Rustic Potato Loaves #TuesdayswithDorie, #BakingwithJulia

Rustic is right!!! I made these wacky looking Rustic Potato Loaves last week as the winds were howling and snow was swirling outside my kitchen window. A perfect day to hunker down  and crank up the oven. I grew up with three sisters and only 6 years separated the oldest from the youngest. It was a rarity if any of us were allowed to accompany my mom on a trip to the grocery store. She waited till my dad came home from work…I’m sure it was her respite from incessant chatter that comes with all that estrogen in the household. We didn’t ever get the mushy Wonder bread or the presweetened cereals we’d beg for (well, Maddy, the youngest, must have worn down my mom as Cap’n Crunch and Fruit Loops filled our cereal drawer after I went off to college). On occasion, we’d get treated to soft potato bread from the bakery. But until today, I’d never incorporated potatoes into any of my loaves.
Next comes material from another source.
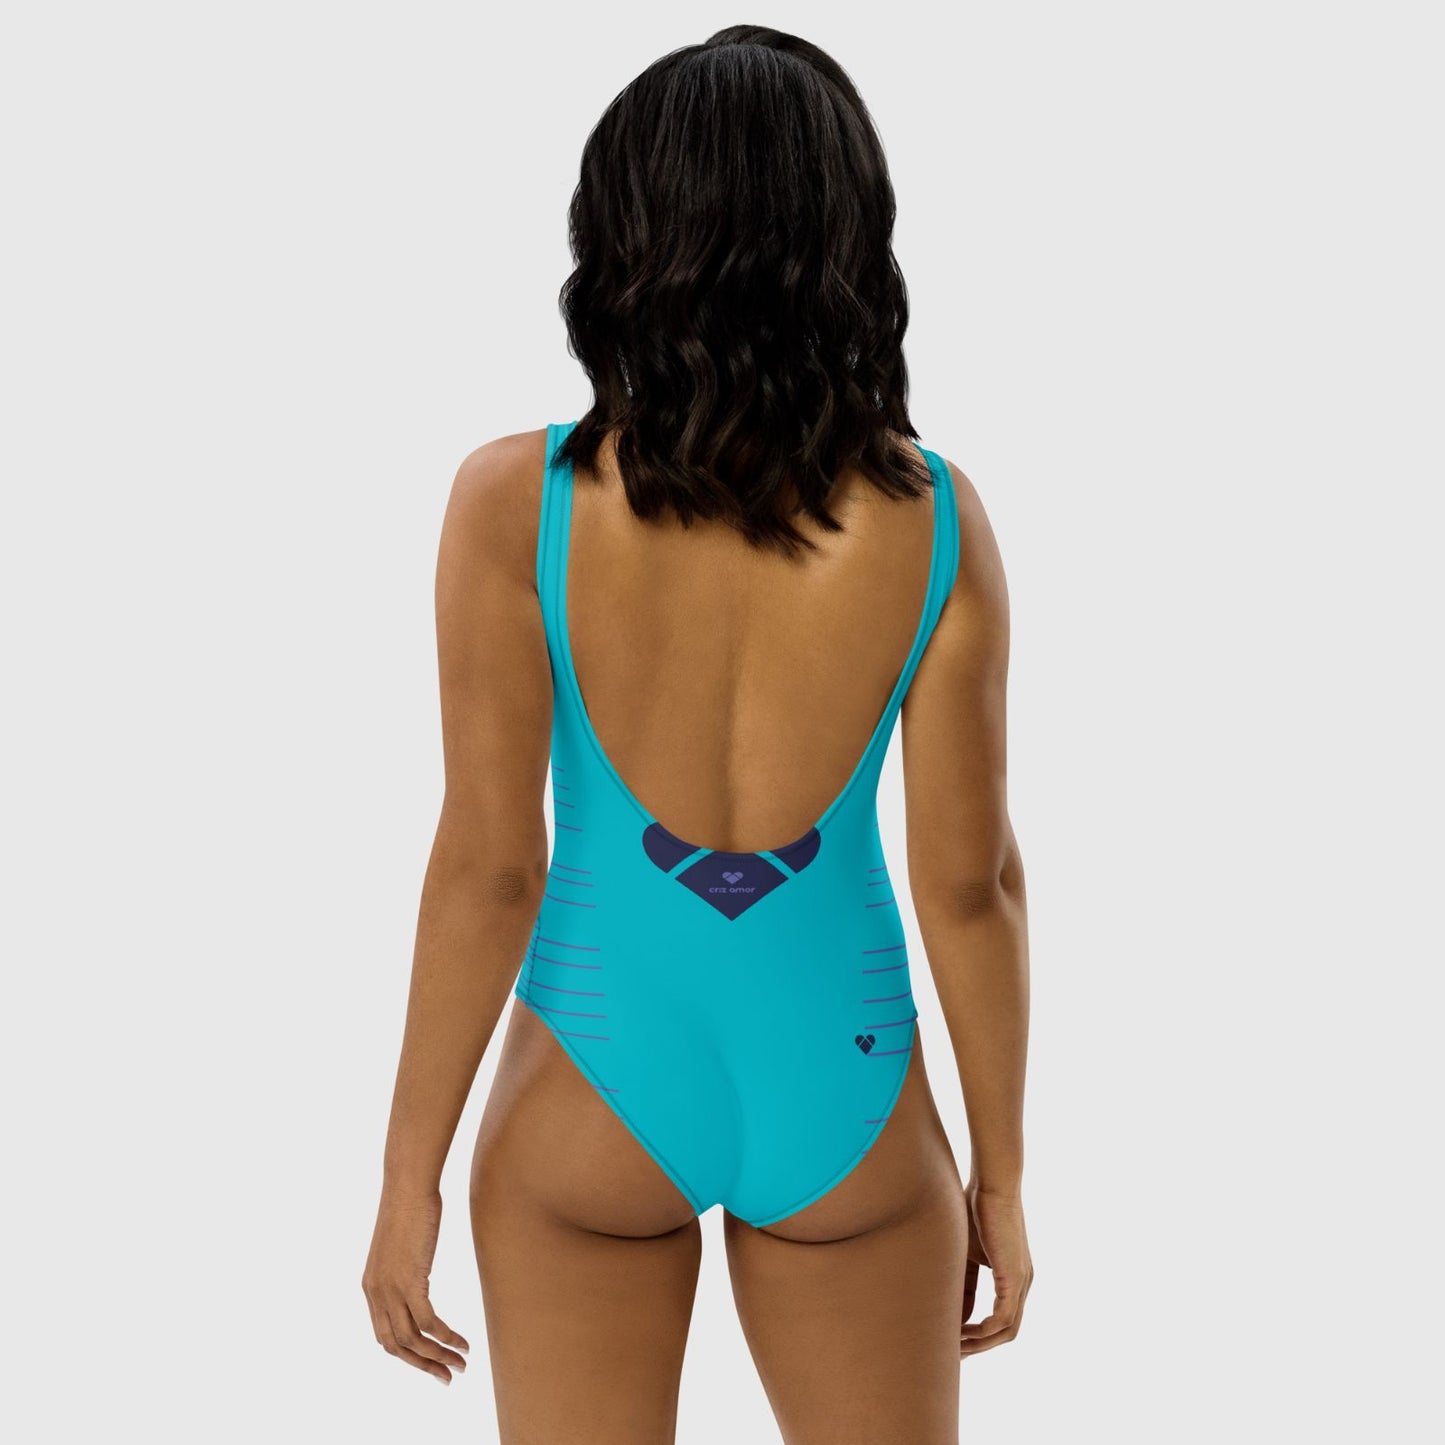 Stylish Women's Beach Apparel: Dual Swimsuit in Turquoise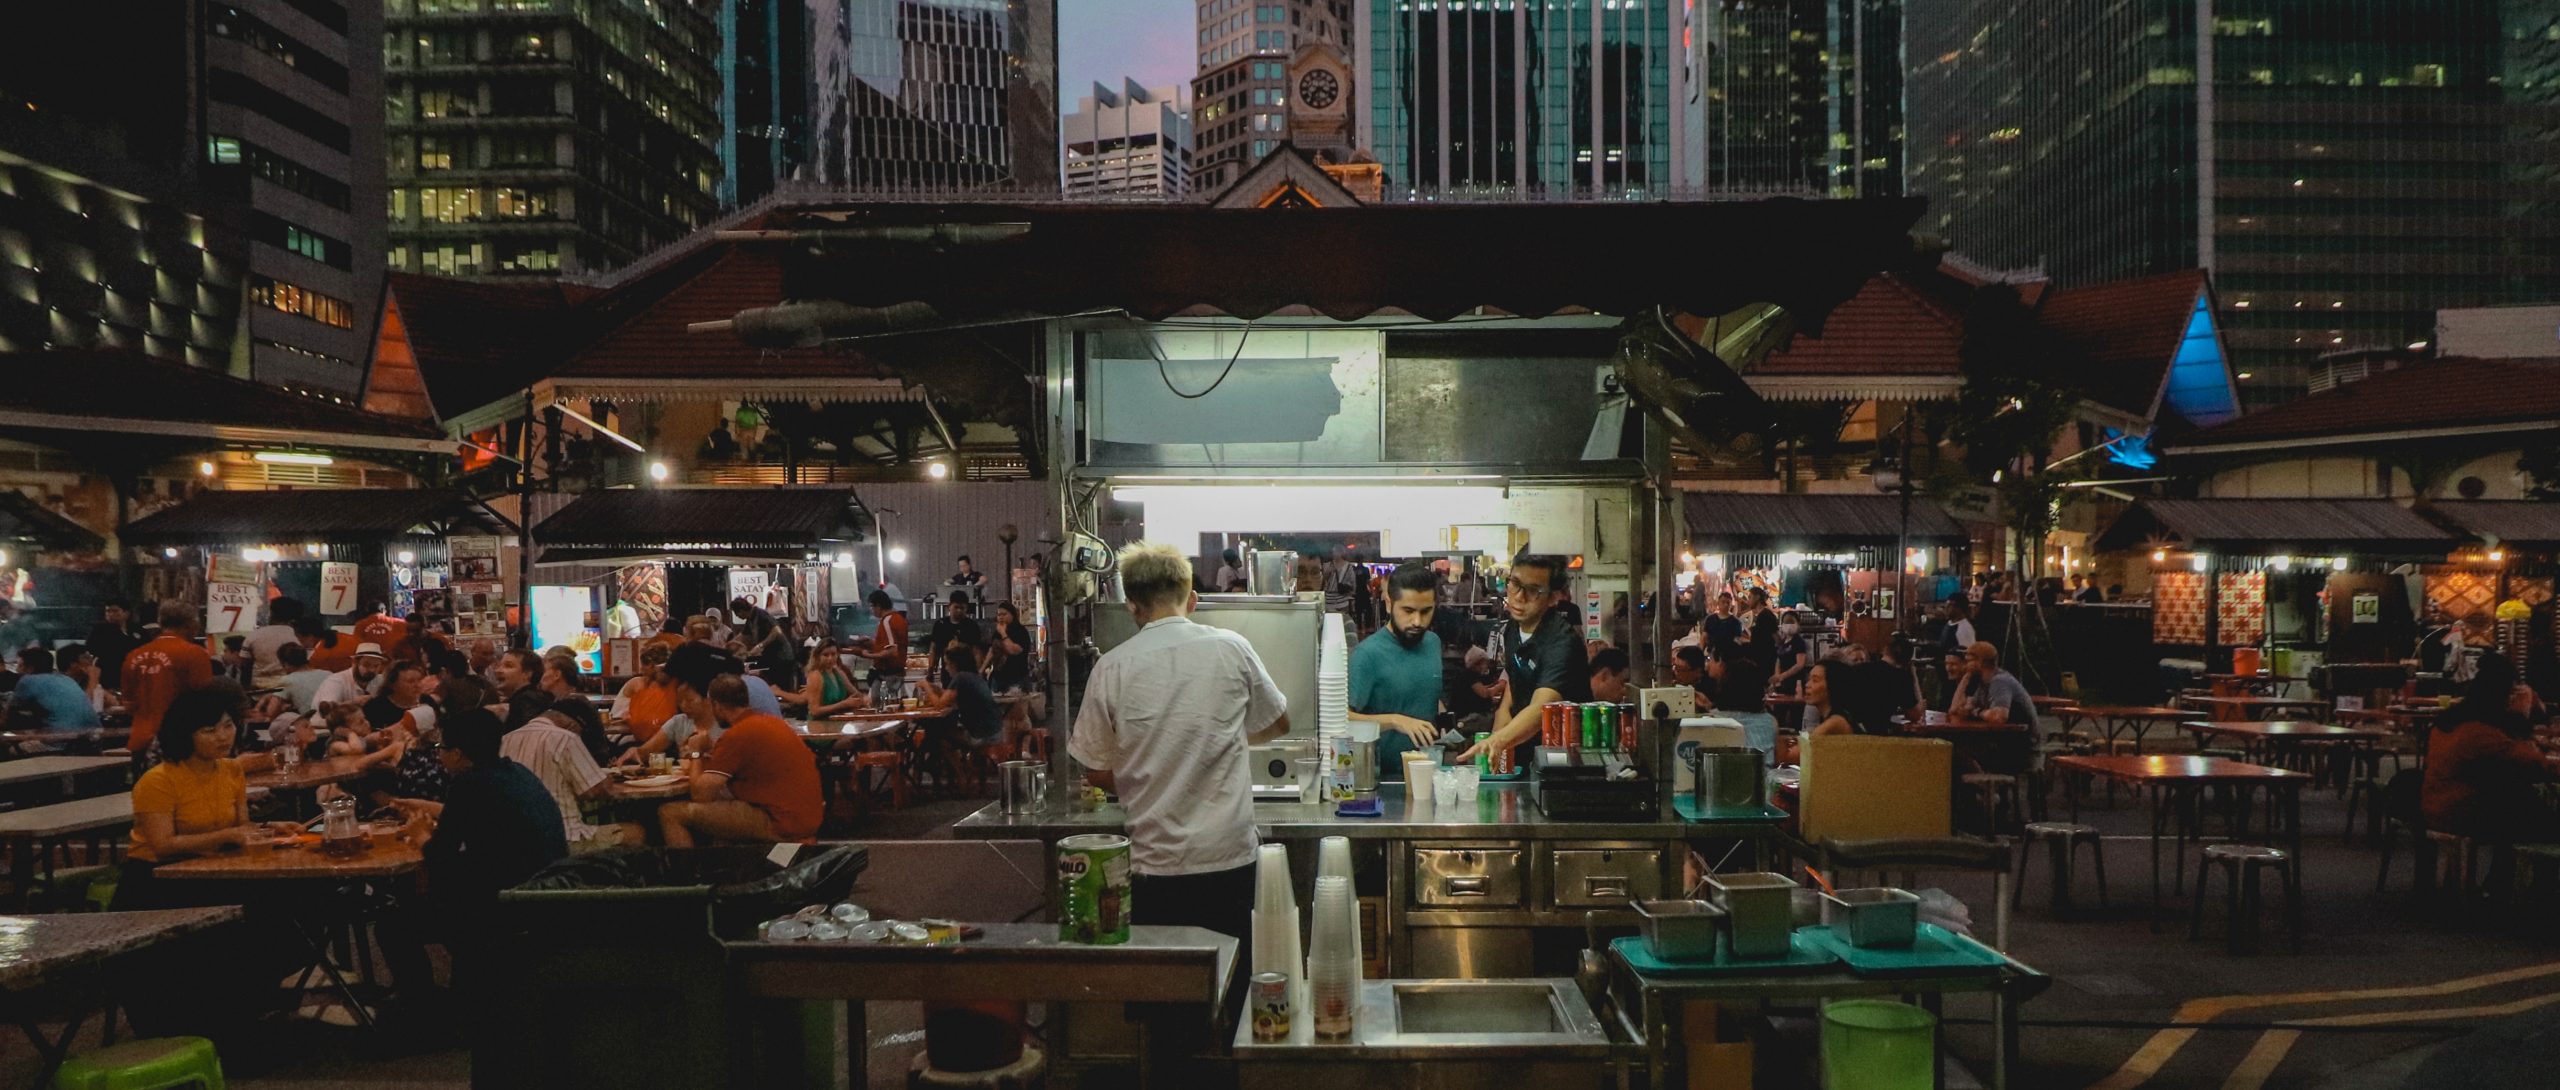 Cheap Culinary Places Less Than 10 SGD in Singapore - Lau Pa Sat

Leslie Mackie, the contributing baker of this recipe in the Baking with Julia cookbook, had us boil and air dry russet potatoes to be mashed and added to this dough. The peels were to be left on, but I mistakenly peeled mine before reading the recipe thoroughly. I don’t think I regret this error. After the potatoes were mashed using the paddle attachment of my stand mixer, the yeast, salt, a bit of potato water, olive oil and flour were added. The paddle attachment was switched out for a dough hook, and this dough was kneaded for a whopping 11 minutes. The dough transformed from a floury mess into an elastic dough eventually…but it really needed the extended time in the mixer.

The first rise was just a half hour, then the loaves were rolled into a torpedo shape and placed on a floured cloth, seam side down, for another 20 minutes. During this resting time, the oven was preheated to 375º  with a baking stone added to a lower rack. The risen loaves (only slightly puffed up) were slid onto the stone after the oven was misted with water to create a steamy environment. Mine baked for about 50 minutes…and I checked for an internal temperature to reach 200º.  My roll job came unraveled even though I brushed the surface with a little water to promote adhesion…but the rustic look is lovely…and the taste is fantastic. Not the fluffy potato bread of my youth, but a much more substantial, satisfying loaf. I served slices with my Sundried Tomato Caprese Salad…and doused the crusts in the olive oil and balsamic drippings. Heavenly. Please visit our lovely hostess, Dawn, of Simply Sweet, for the detailed recipe.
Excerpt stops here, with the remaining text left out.